From the first equation we have $$\rho^2=2\rho \cos \phi$$ $$\rho=2 \cos \phi$$ The second equation yields $$\rho^2 \sin^2 \phi =3 \rho^2 \cos^2 \phi$$ $$\tan \phi = \sqrt{3}\Rightarrow \phi = \frac{\pi}{3}$$ From that, we conclude that this region is described by \begin{cases} 0\leq\rho\leq 2 \cos \phi\\ 0\leq\phi\leq\frac{\pi}{3}\\ 0\leq\theta\leq2\pi \end{cases} At this point, we realize that this solid needs more than one region to be defined for both the Cartesian and cylindrical coordinate systems. Solving the first equation for z, we obtain $$z = 1\pm\sqrt{1-(x^2+y^2)}$$ the plus sign representing the upper half of the sphere and the minus the lower. We need to find the intersection of the two surfaces. It's quite apparent that it happens for $z=0$ or $z=\frac{1}{2}$. The intersection at the origin isn't of much interest, and applying $z=\frac{1}{2}$ to either of the equations we get, $$x^2+y^2=\frac{3}{4}$$ Meaning that it is a circunference of radius $\frac{\sqrt{3}}{2}$ centered at the $z$-axis in the plane $z=\frac{1}{2}$. Now we are able to determine the desired boundaries.

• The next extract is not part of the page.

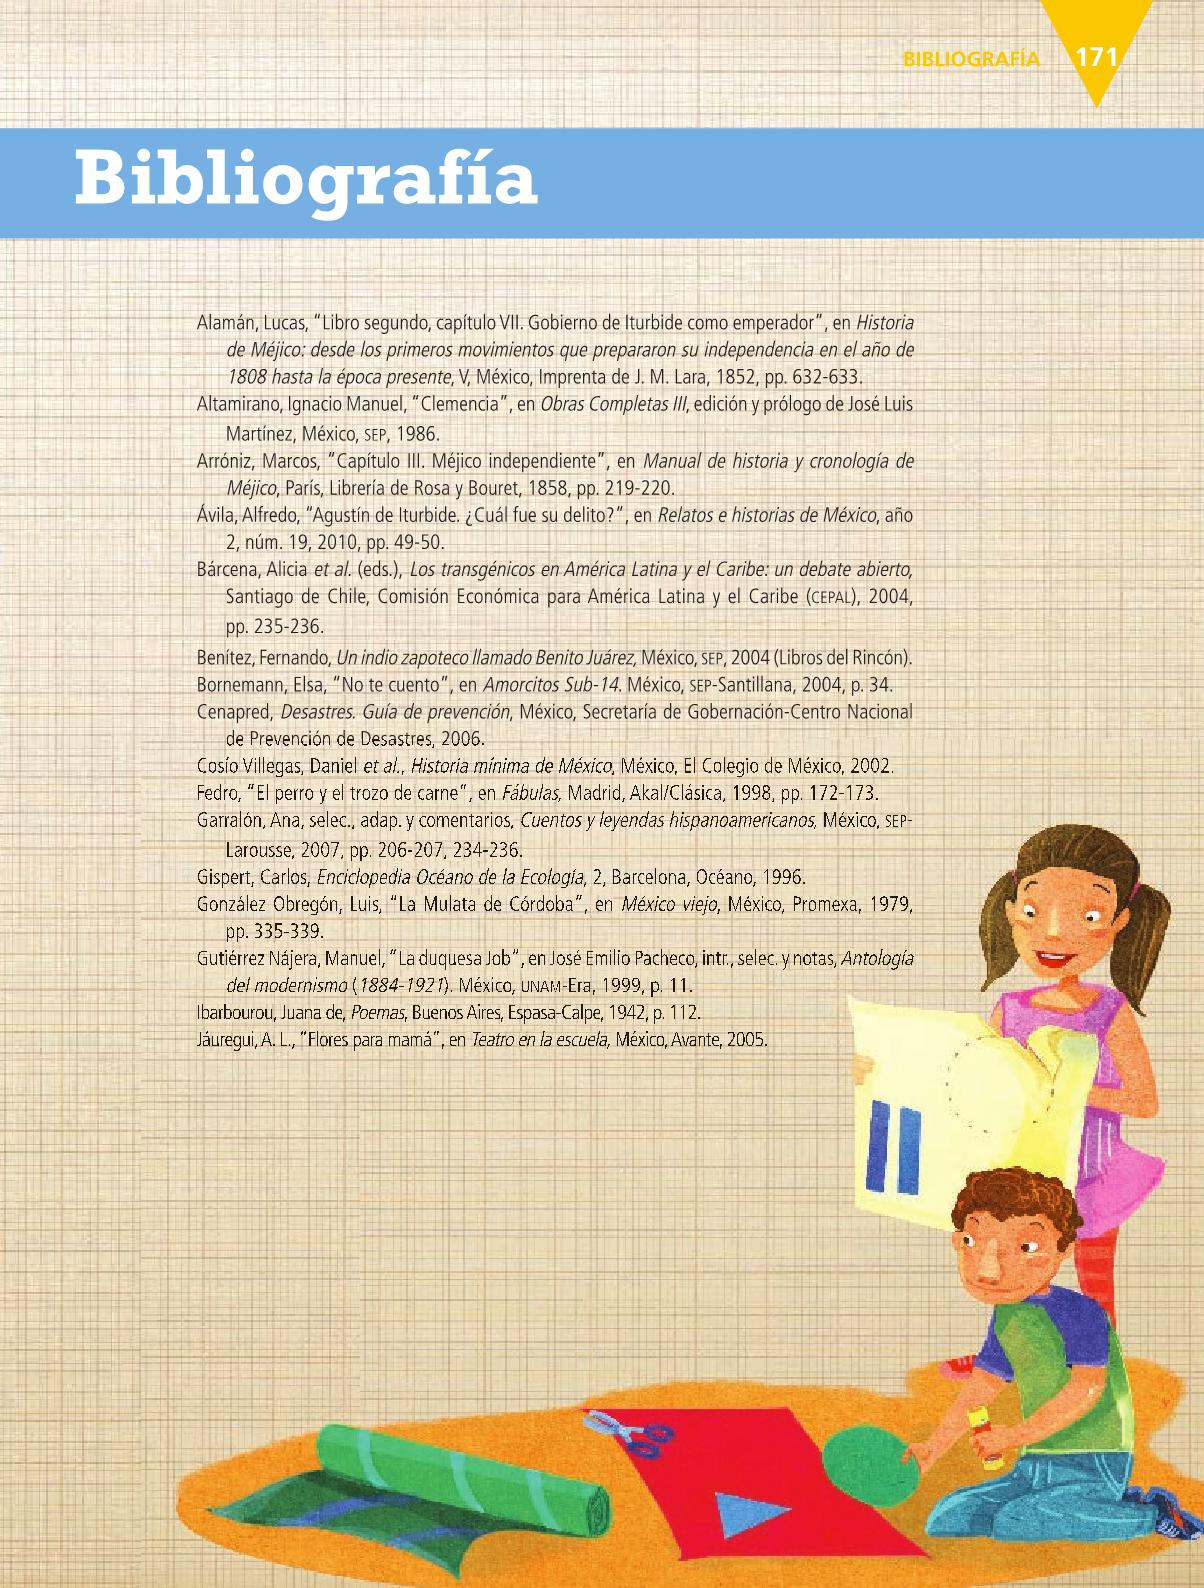 Español Libro para el alumnoquintoPagina 171
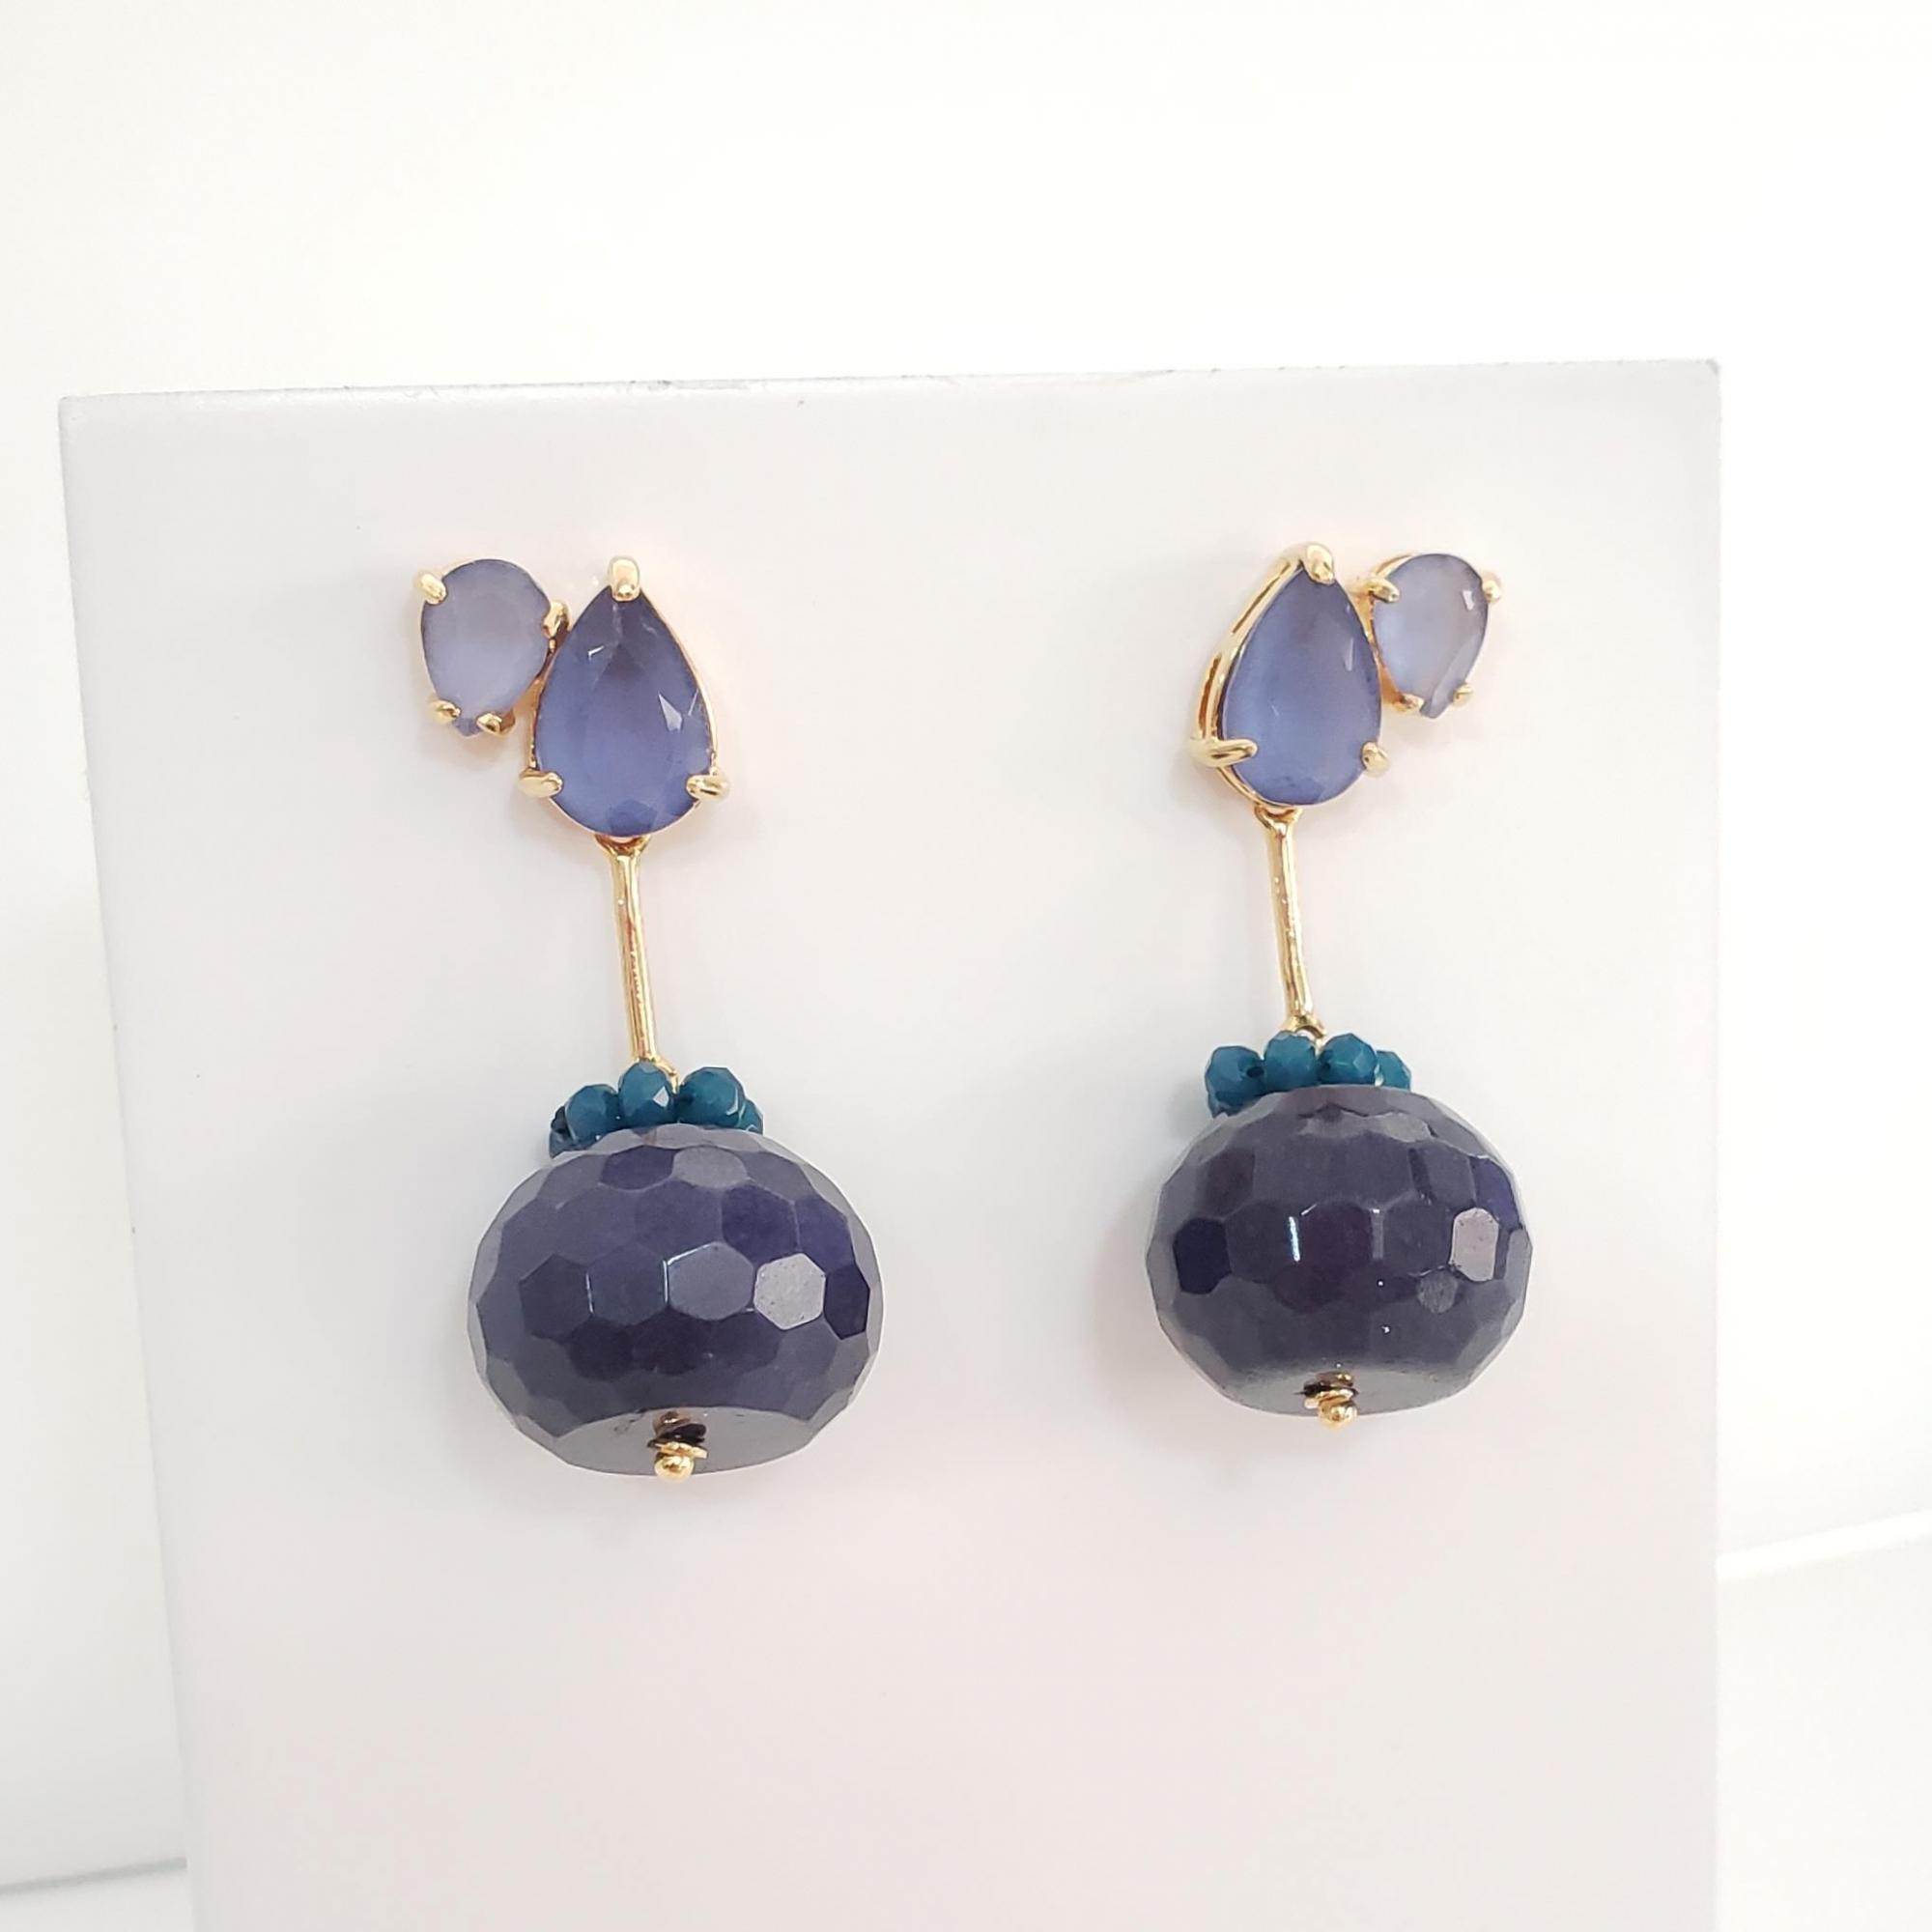 Brinco Duo Gotas Cristal Tanzanita, Coroinha Cristal Safira e Rondel Jade Safira no Banho Ouro 18k Semi Joia

For the cylindrical coordinates we have two disjoint regions:

$$\begin{cases} \frac{r}{\sqrt{3}}\leq z \leq 1+\sqrt{1-r^2} \\ 0 \leq r \leq \frac{\sqrt{3}}{2} \\ 0 \leq \theta \leq 2\pi \end{cases}$$

and

$$\begin{cases} 1-\sqrt{1-r^2}\leq z \leq 1+\sqrt{1-r^2} \\ \frac{\sqrt{3}}{2} \leq r \leq 1 \\ 0 \leq \theta \leq 2\pi \end{cases}$$

Finally, the Cartesian coordinates also requires, at least, 2 different regions defined by

$$\begin{cases} -\sqrt{3z^2-x^2} \leq y \leq \sqrt{3z^2-x^2} \\ -\sqrt{3}z \leq x \leq \sqrt{3}z \\ 0 \leq z \leq \frac{1}{2} \end{cases}$$

and

$$\begin{cases} -\sqrt{(2z-z^2)-x^2} \leq y \leq \sqrt{(2z-z^2)-x^2} \\ -\sqrt{2z-z^2} \leq x \leq \sqrt{2z-z^2} \\ \frac{1}{2} \leq z \leq 2 \end{cases}$$